DATASET EXTRACT:
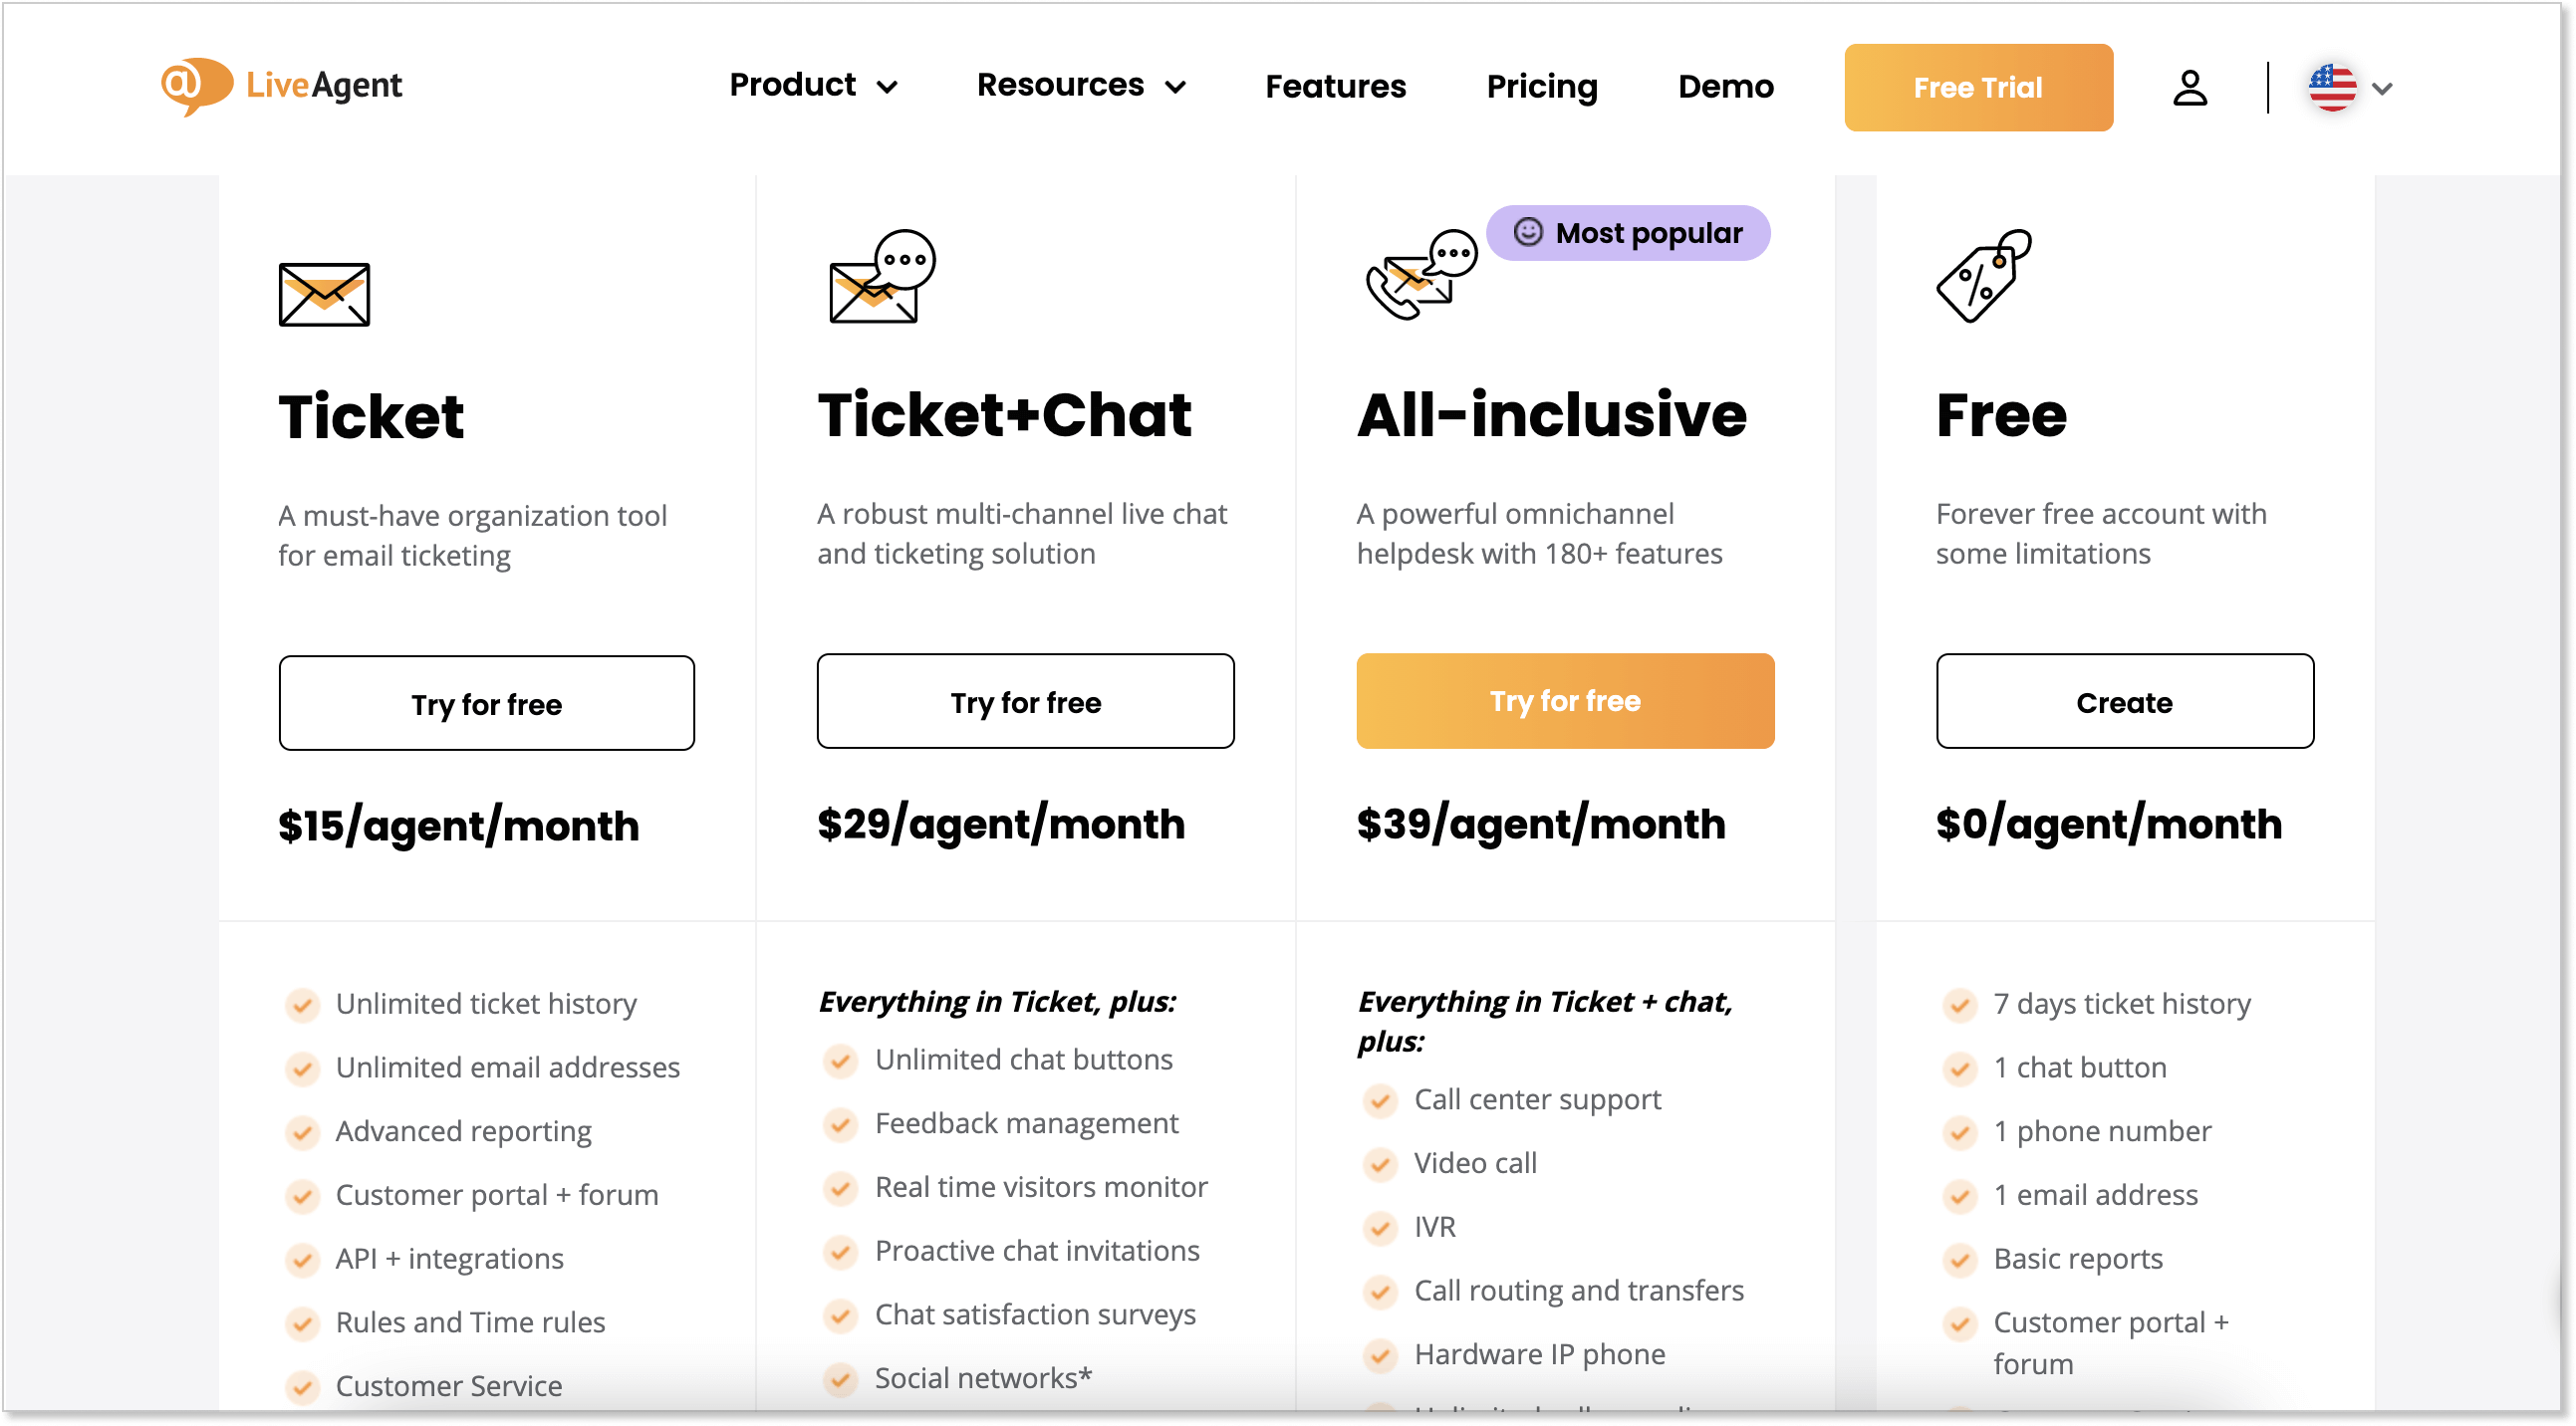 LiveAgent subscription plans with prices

==

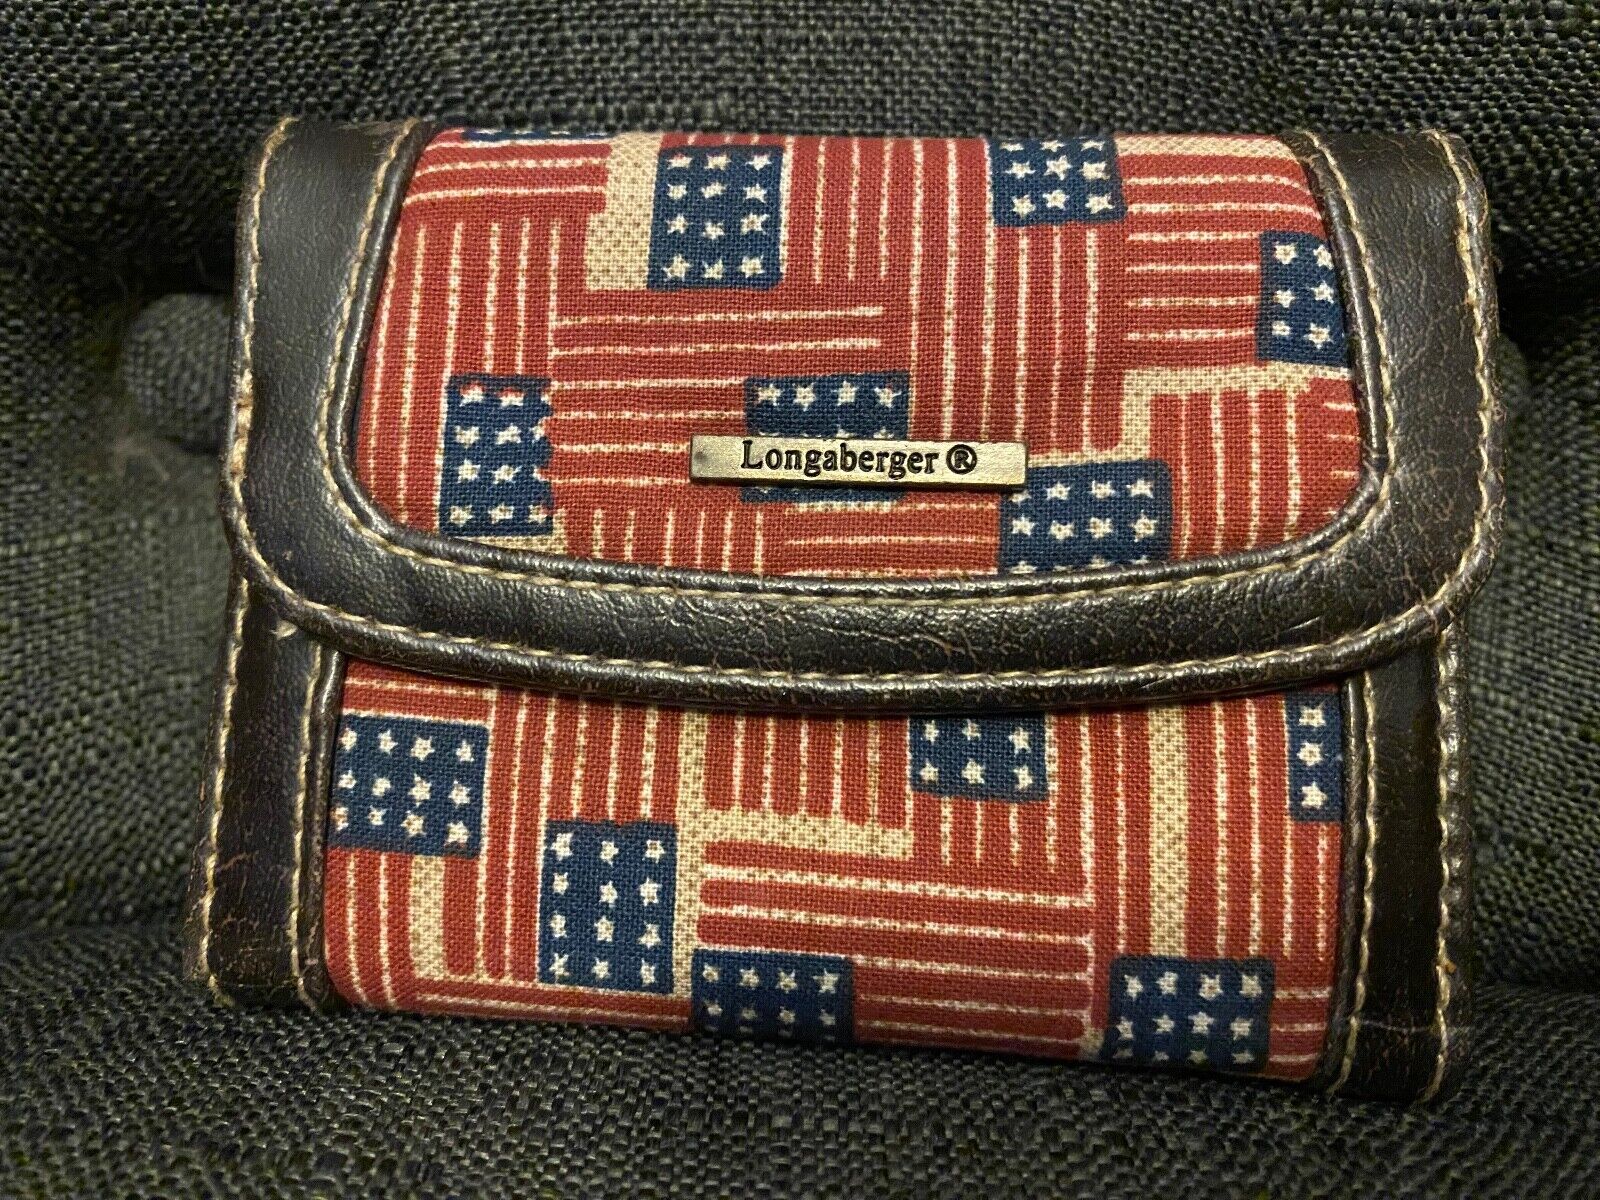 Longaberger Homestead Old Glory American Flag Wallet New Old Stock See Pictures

--

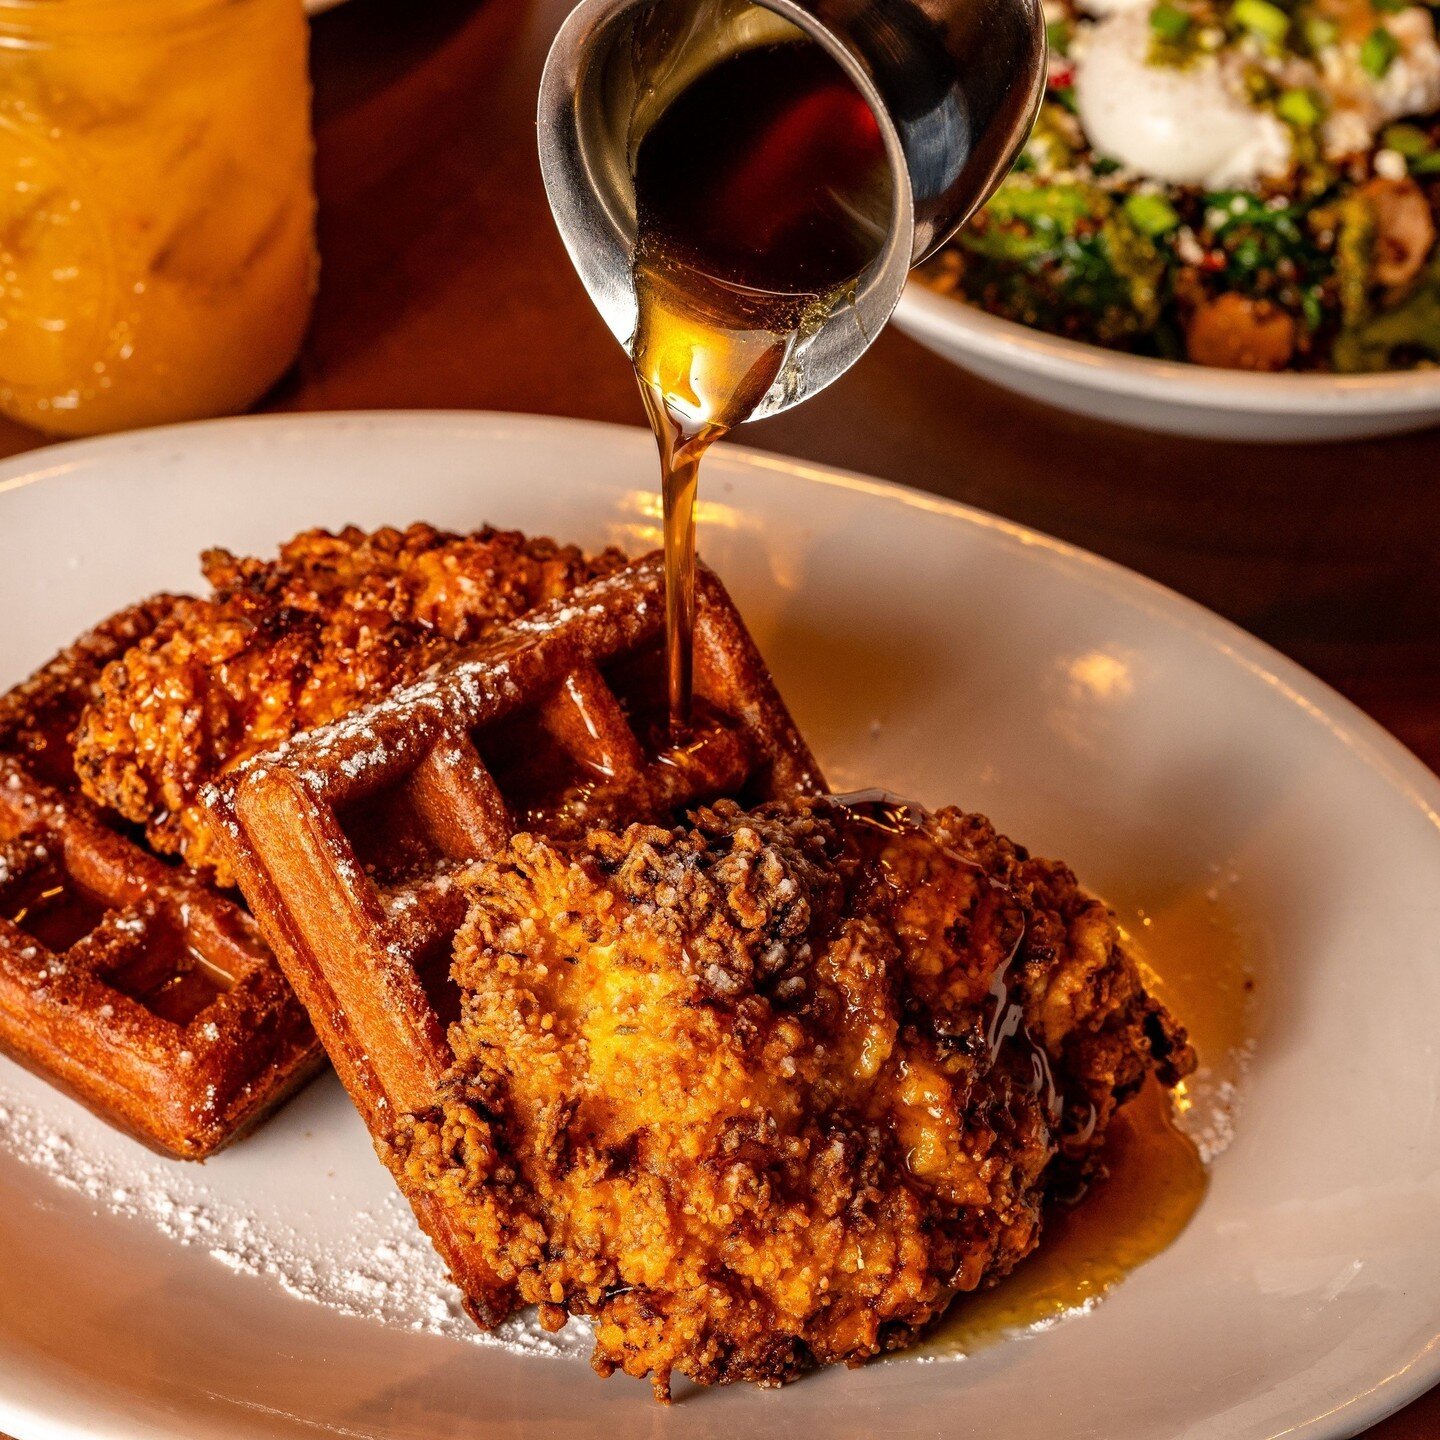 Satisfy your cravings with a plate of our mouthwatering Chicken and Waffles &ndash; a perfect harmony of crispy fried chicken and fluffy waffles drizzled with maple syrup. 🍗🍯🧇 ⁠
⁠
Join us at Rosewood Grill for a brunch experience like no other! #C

WHAT IS NEEDED: Give back exactly the lines of the listing above from the one that contains "Satisfy your cravings" up to and including the one that contains "Join us at Rosewood", but not the pictures, and no other lines.

REPLY TO THE TASK:
 Satisfy your cravings with a plate of our mouthwatering Chicken and Waffles &ndash; a perfect harmony of crispy fried chicken and fluffy waffles drizzled with maple syrup. 🍗🍯🧇 ⁠
⁠
Join us at Rosewood Grill for a brunch experience like no other! #C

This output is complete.